There is also the joy that comes from successfully empowering employees to be all they can be. We can give them autonomy, a self-directing freedom to make decisions independent of management, yet aligned with company goals. We could also create a self-managed workplace in which our staff becomes totally accountable for their own contribution to the company's success.

Since 2007, I've worked with owners of very small businesses. Most of my coaching and consulting focuses on transitioning the organization so that the owner has the freedom to choose the relationship he or she wants with the business.

To give owners more freedom often requires that employees take on more and different responsibilities, work more independently and be given the clout to make decisions and live by them. Client successes vary based on why they initially decide to move to self-management. This shift is no small feat, but I think self-management is in the air.

If you're not familiar with the benefits of owning a self-managed company, here are a few. You'll likely enjoy:

• Working less as an employee and more as a business owner

• Working less — period

• Increased employee productivity

• Increased retention

• Greater overall employee satisfaction

Every business owner will define and describe their idea of what they mean by a self-managed company. Depending on the benefits they want to gain, they'll choose the level of implementation that is right for them. Curious? Here's a Q&A list regarding the self-managed workplace.

Who self-manages?

Your employees — at all levels — manage themselves to be fully accountable to their own project, their team, and their management and company goals.

With whom does self-management begin and end?

You and your managers may be the first employees to implement self-management. If your managers directly report to you, then you become less involved in managing them. They, in turn, become less involved in managing supervisors, project leaders and staff, which may include entry-level individuals.

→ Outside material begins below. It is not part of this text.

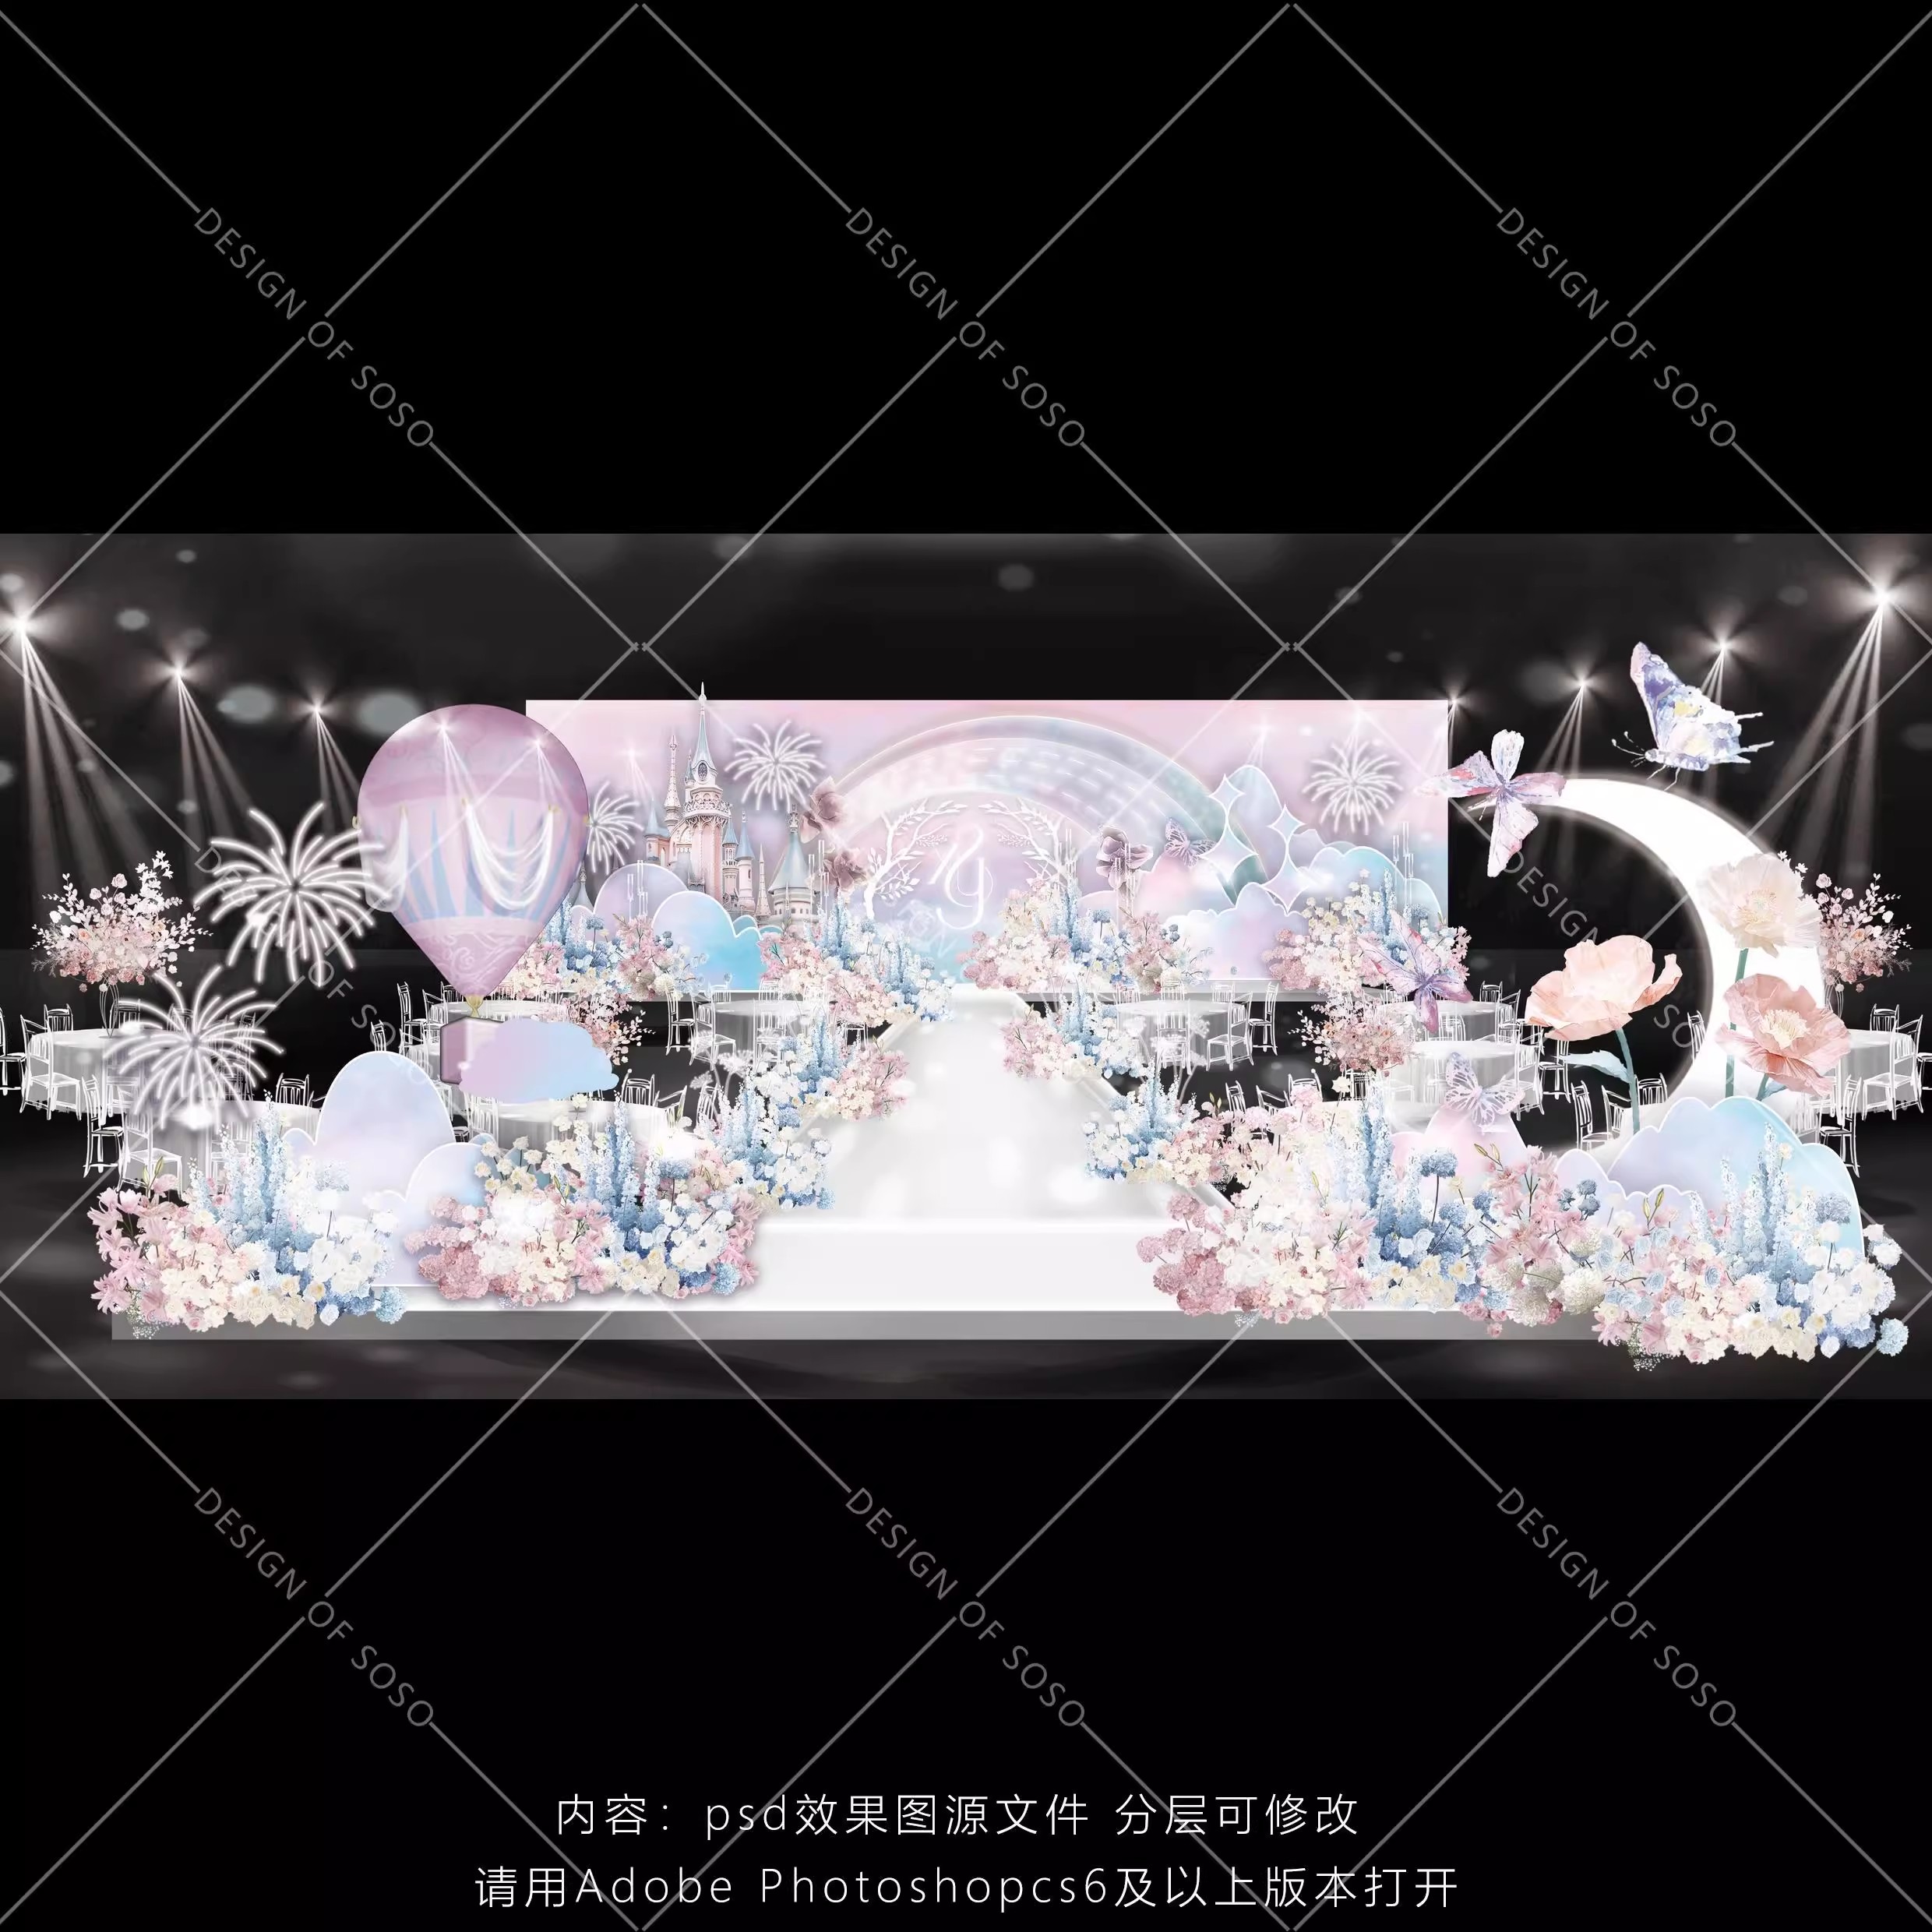 欧式城堡粉蓝色梦幻主题婚礼背景布置 效果图热气球烟花灯psd素材

New hires should be introduced to self-management during their onboarding. Job candidates should become aware that your culture supports self-management, and interviewers should pose questions that elicit the candidate's experience and comfort level regarding being self-directed and fully accountable for performance outcomes.

What is the manager's job in the new self-management workplace?

Today's managers become leaders. They choose the overall direction of the company, a business, a product, a service, a department and so on. They set measurable outcomes with input from today's self-managed employees. They set the stage for employee success and facilitate only when required.

What's the employee's job in the new self-management workplace?

Today's employees manage their own tasks, run their own projects and solve their own problems with minimal direction from management. They may be customer-facing for the first time. They are empowered to contribute innovations and new directions, especially in their own areas of expertise. In companies where transparency is valued, employees are taught business skills so they can participate in business decision-making.

What are self-managed teams?

A self-managed (a.k.a. self-directed) team is a group of employees who work together setting strategy, goals, schedules, budgets and so on for a service, product or department. Some companies begin a self-managed workplace by creating self-directed teams. For instance, field crew could transition into a self-directed team by relying less on a working supervisor to manage them.

When should a business owner decide to implement a self-managed environment?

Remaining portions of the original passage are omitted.